The Potential of Smaller Language Models in AI-Assisted Code Generation
In the coding world, StarCoder2 3B and Llama 3 8B are recent examples of Small Language Models that can run on high-end developer laptops with reasonable inference times after quantization. According to the StarCoder2 team, "we find that our small model, StarCoder2-3B, outperforms other Code LLMs of similar size on most benchmarks, and also outperforms StarCoderBase-15B." Their larger model, StarCoder2-15B, significantly outperforms other models of comparable size and matches or outperforms CodeLlama-34B, a model more than twice its size.

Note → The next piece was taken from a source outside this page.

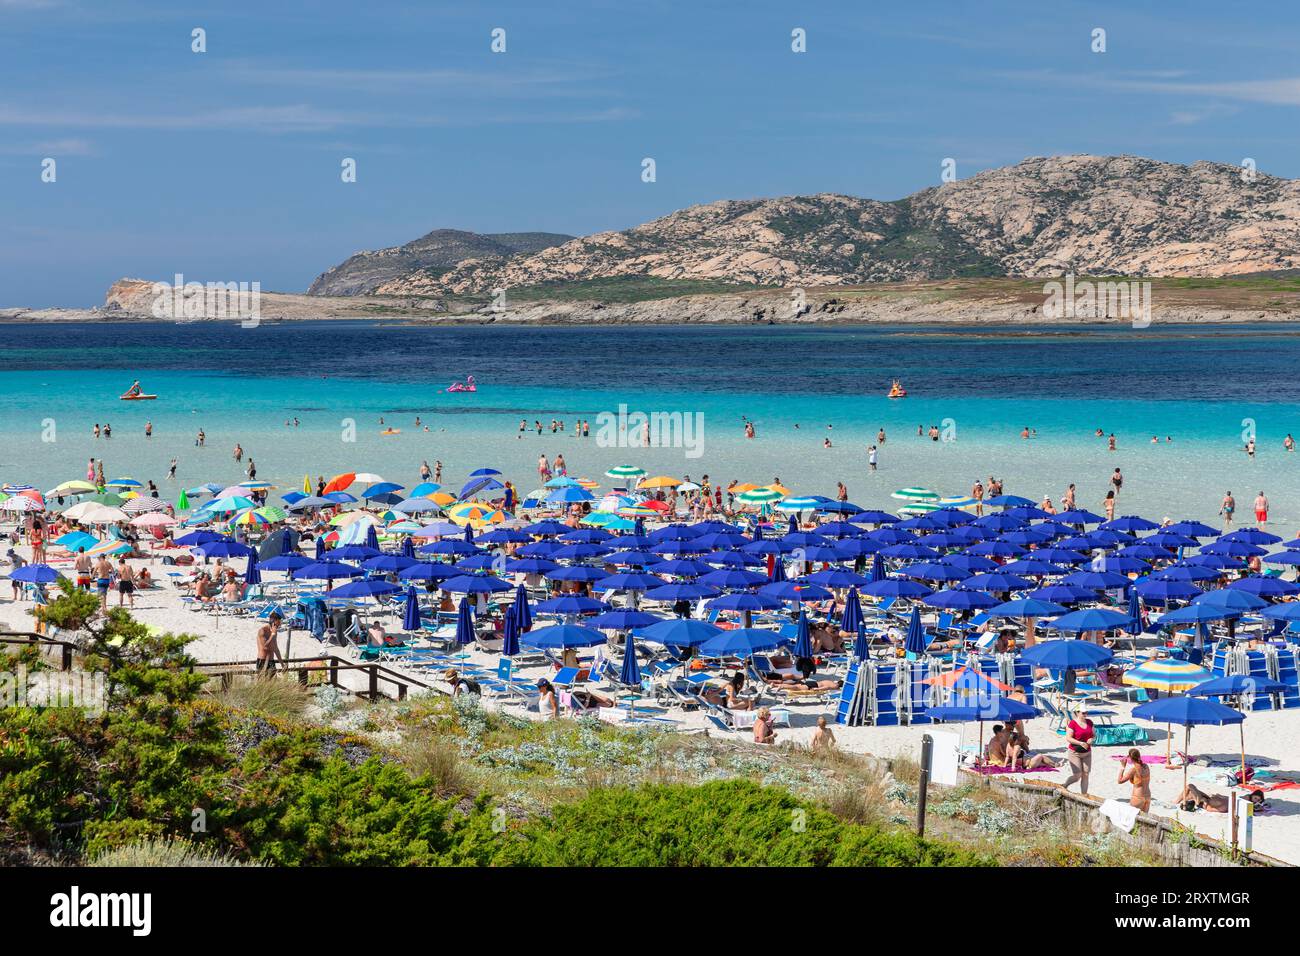 Spiaggia della Pelosa, Golfo dell'Asinara, Stintino, provincia di Sassari, Sardegna, Italia, Mediterraneo, Europa Foto Stock

This suggests that the size of the Language Model is not always directly correlated with code generation performance.
According to Järvilehto, the challenge with coding or programming languages is that they are renewed every six months, with a new release every six weeks. Applying a new syntax or nearly completely new words introduced in the new program language is challenging. The question would be how to finetune an LLM and not recreate it every six weeks from scratch. He also underlined that the finetuning process might be similar to a pre-training process, and the most significant difference may be the amount of data you’re using.
LLMs’ Role in Boosting Productivity in Software Development
As they are now, LLMs can be used for chatbots, virtual assistants, content creation, translation, and automating repetitive tasks that can be burdensome or time-consuming. In software development, by aiding developers with repetitive tasks, LLMs can free up more time for more impactful work and subsequently improve the work experience for developers. They can additionally enhance brainstorming in concepts and planning, provide quick prototypes and visual presentations in design, analyze and optimize codes, and power AI tools that automate the creation of unit, functional, and security tests to ensure better software quality. A few resources have mentioned AI tools in software development, including GitHub Copilot, which can understand and write code, generate test cases, identify and fix errors, and so on, to enhance developers' productivity in the software development process.
For those companies who want to simply use existing coding assistant tools, there are already many Gen AI-powered options available for common Integrated Development Environments such as Visual Studio Code, CLion, and Qt Creator. For those companies that would like to boost the code generation capabilities beyond these out-of-the-box solutions, investing in research for Prompt Engineering, Retrieval Augmented Generation (RAG), and Parameter Efficient Fine-Tuning (PEFT) might be the way forward.
The Future of LLMs
All in all, we are still in the exploring phase of using LLMs and Gen AI. That could be why we hear more about use cases of adopting these tools for tasks and work that don't require the depth of critical thinking, where human elements are still more necessary. Can generative AI replace all human efforts in any field in the future? Schneider believes that this is not likely to happen anytime soon, especially regarding the capability of end-to-end development and building human-machine interfaces. While LLMs can adequately interact with texts and elements of an image, and some tools can convert web designs into front-end code, it still needs to be more challenging for AI to single-handedly take on design related to graphical and UI/UX workflows.
The Qt Group announced its implementation of a GitHub Copilot integration last year. Furthermore, the Qt Development Tools team continues to investigate possibilities to integrate other Large Language Models to the development workflow such as Claude 3 Opus and Llama 3 70B which show promising QML code generation capabilities.